Stupidly, I give him a little wave. “Hi, Casey. How are you?”

“You two know each other?” Meri asks with a forced politeness, clearly trying to salvage the situation.

He drags a hand down his jaw and turns his head toward Trina, though his eyes linger on me. “I knew you were acting weird. I wish you had told me,” he grinds out, ignoring Meri’s question.

“Surprise!” Trina wiggles her hands in a sort of jazzy motion, the bangles at her wrists jingling with a cheeriness no one is feeling. “S.J. Falmouth is actually Scarlett Frye! Which is why we wanted to meet to discuss marketing.”

“This is…” Casey trails off and finally drags his dark eyes away from me. They land on Trina, and not in a kind way. “This is not good.”

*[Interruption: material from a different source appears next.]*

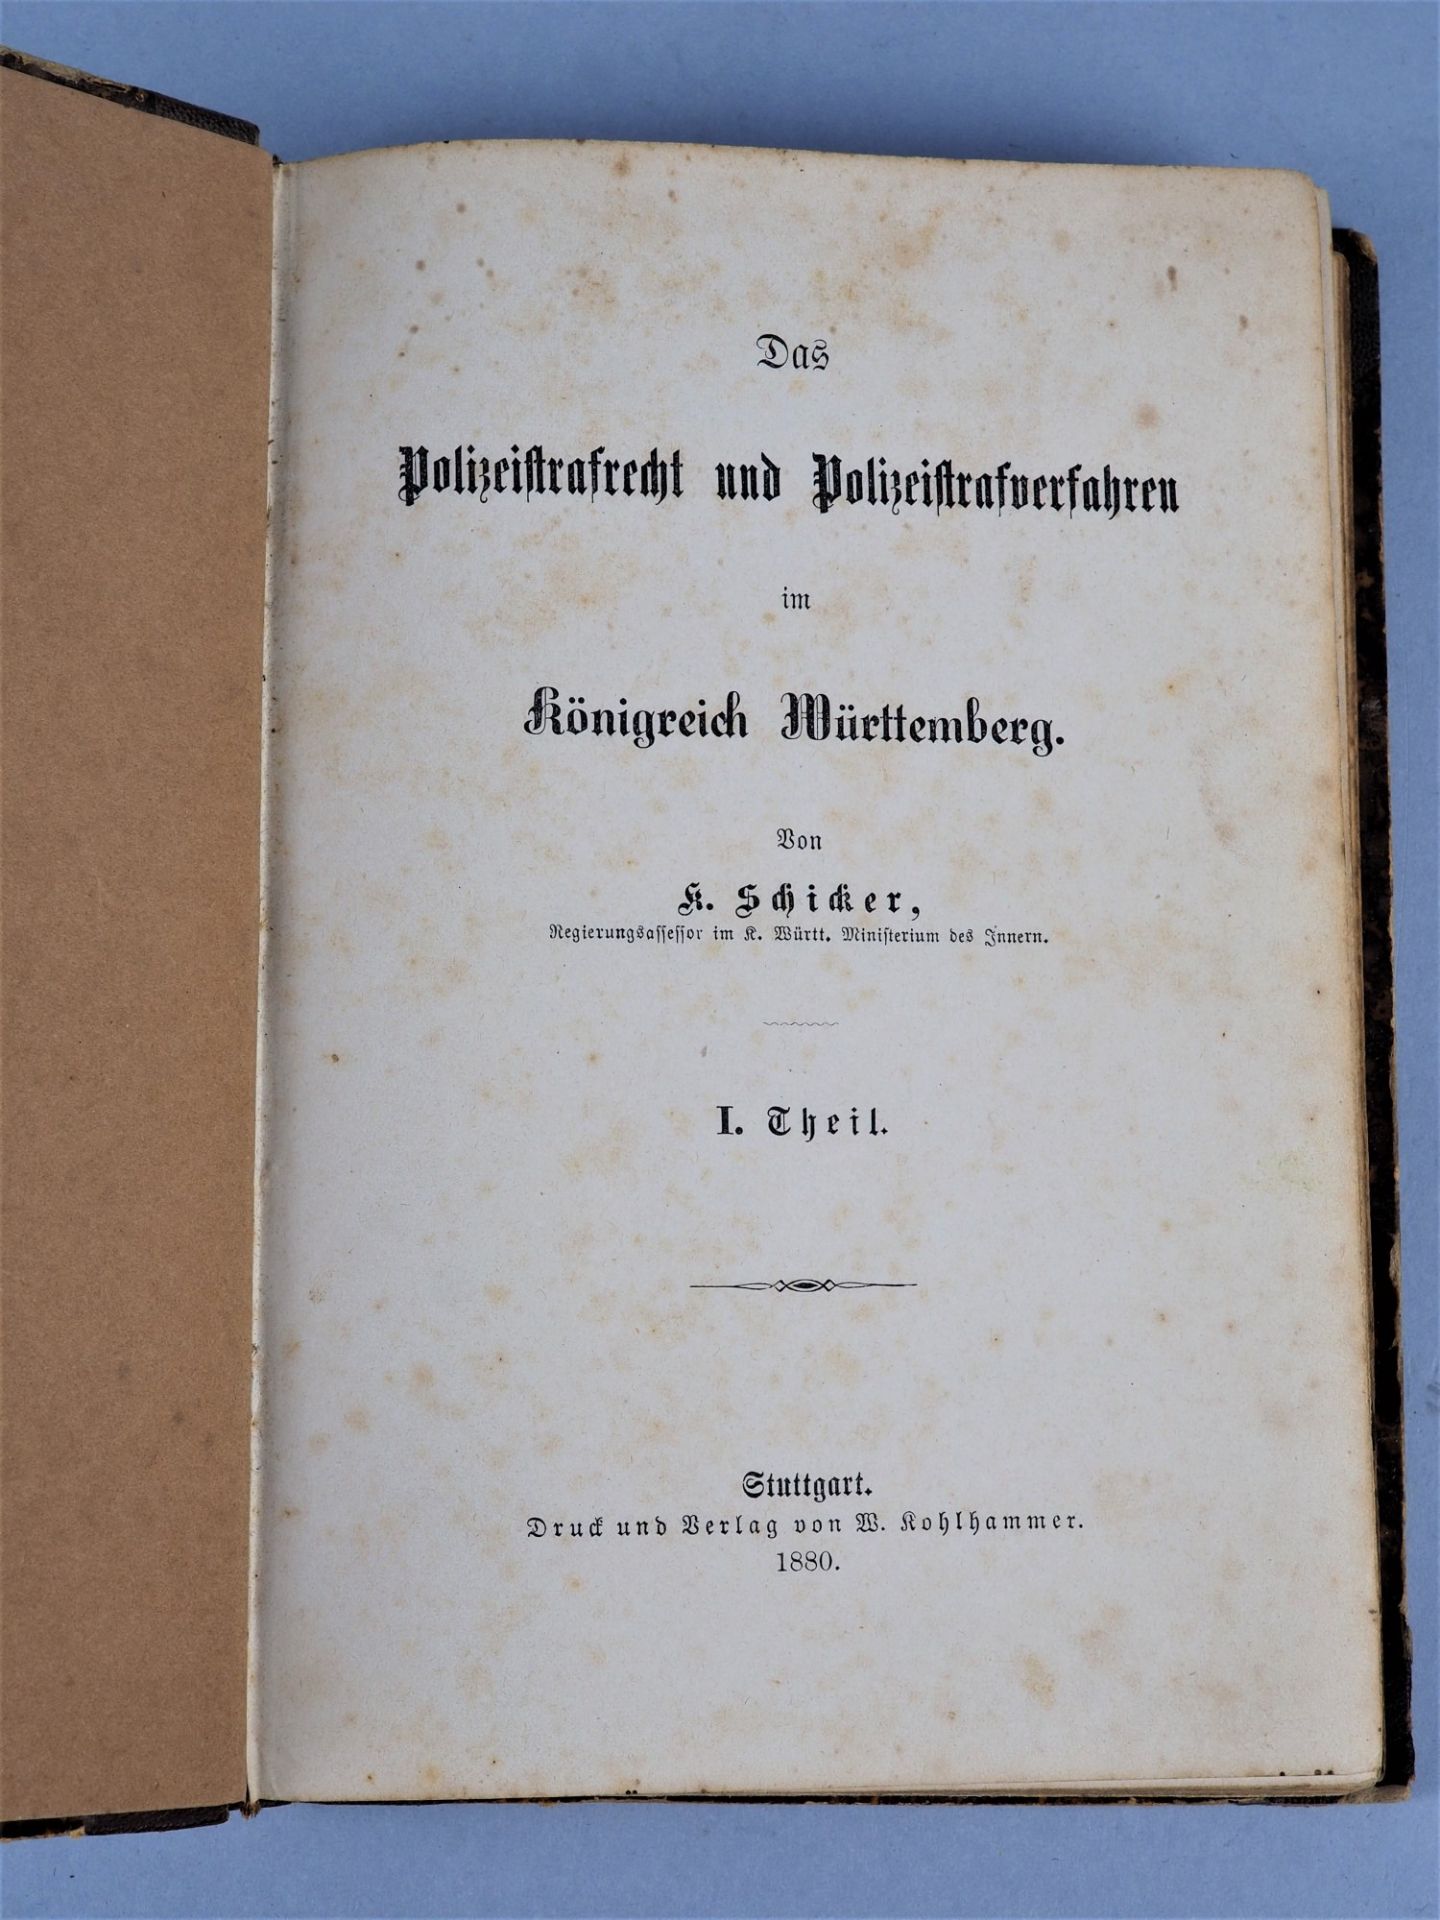 Buch: Das Polizeistrafrecht und Polizeistrafverfahren von 1880 - Bild 2 aus 2

She furrows her brow. “Why not? I mean, I know you weren’t expecting this, but everyone loves a comeback, right? And I thought you said JMP doesn’t really check up on you all over here, so…”

Trina goes on and on, talking a mile a minute. The door opens again, but my back is to it, and I’m too engrossed in this exchange to turn and look. Which is why I’m gobsmacked when the newcomer speaks.

“Sorry I’m late. There was some traffic coming back from lunch.”

It’s a familiar voice. One that used to be closer to my heart than my own. One that filled the gaps in my soul and whispered to me in the dark.

But surely he isn’t here right now. I’ve just been stressed out about this whole thing, and I’m mistaking someone else’s voice for his. That has to be it. There’s no other explanation. Unless…

I freeze. Trina glances over my shoulder, and her eyes go wide. Her red lips form an O, and it would appear she’s been rendered speechless. Casey watches me carefully, and poor Meri is just standing there in her bright yellow pantsuit with her hands clasped in front of her and a smile plastered on her face.

“What is going on?” comes that voice again, and I squeeze my eyes shut, trying to persuade myself that Ryan Whitlock isn’t standing right behind me.

It’s Casey who jumps in first. He clears his throat and puts a gentle hand on my shoulder, encouraging me to turn around.

“We were just getting started with introductions,” he says as I turn as slowly as I possibly can to face my fate.

It is him standing there. The man I loved more than I loved my writing career, who pored over my words with me at such length, I wasn’t sure which were his and which were mine. Bodies and souls and words entwined in a love deeper than any I’ve experienced before or since.

The man I walked away from when I rejected my offer from JMP.

People are saying things in a flurry behind me now, but I don’t catch any of them. I have tunnel vision, laser-focused on Ryan standing in front of me, looking somehow better for the five years since I saw him last. He’s wearing a thin, navy V-neck sweater and fitted gray slacks. His classic dark-rimmed glasses frame his brown eyes which also seem to be zeroing in on me. The brown hair I used to run my fingers through is longer now, and my hand twitches to find out if it’s still as silky as it was then.

“Scarlett.” His voice is several decibels lower than the frenzy behind me. And yet, it’s all I can hear.

I can’t move, can’t speak. I can only nod slightly, and his hand flies to his mouth. He laughs, then—a harsh sound and not at all the joyous one he used to save for me. The room grows quiet at the noise.

“It was you,” he says, and if I’m not mistaken, his words are laced with awe.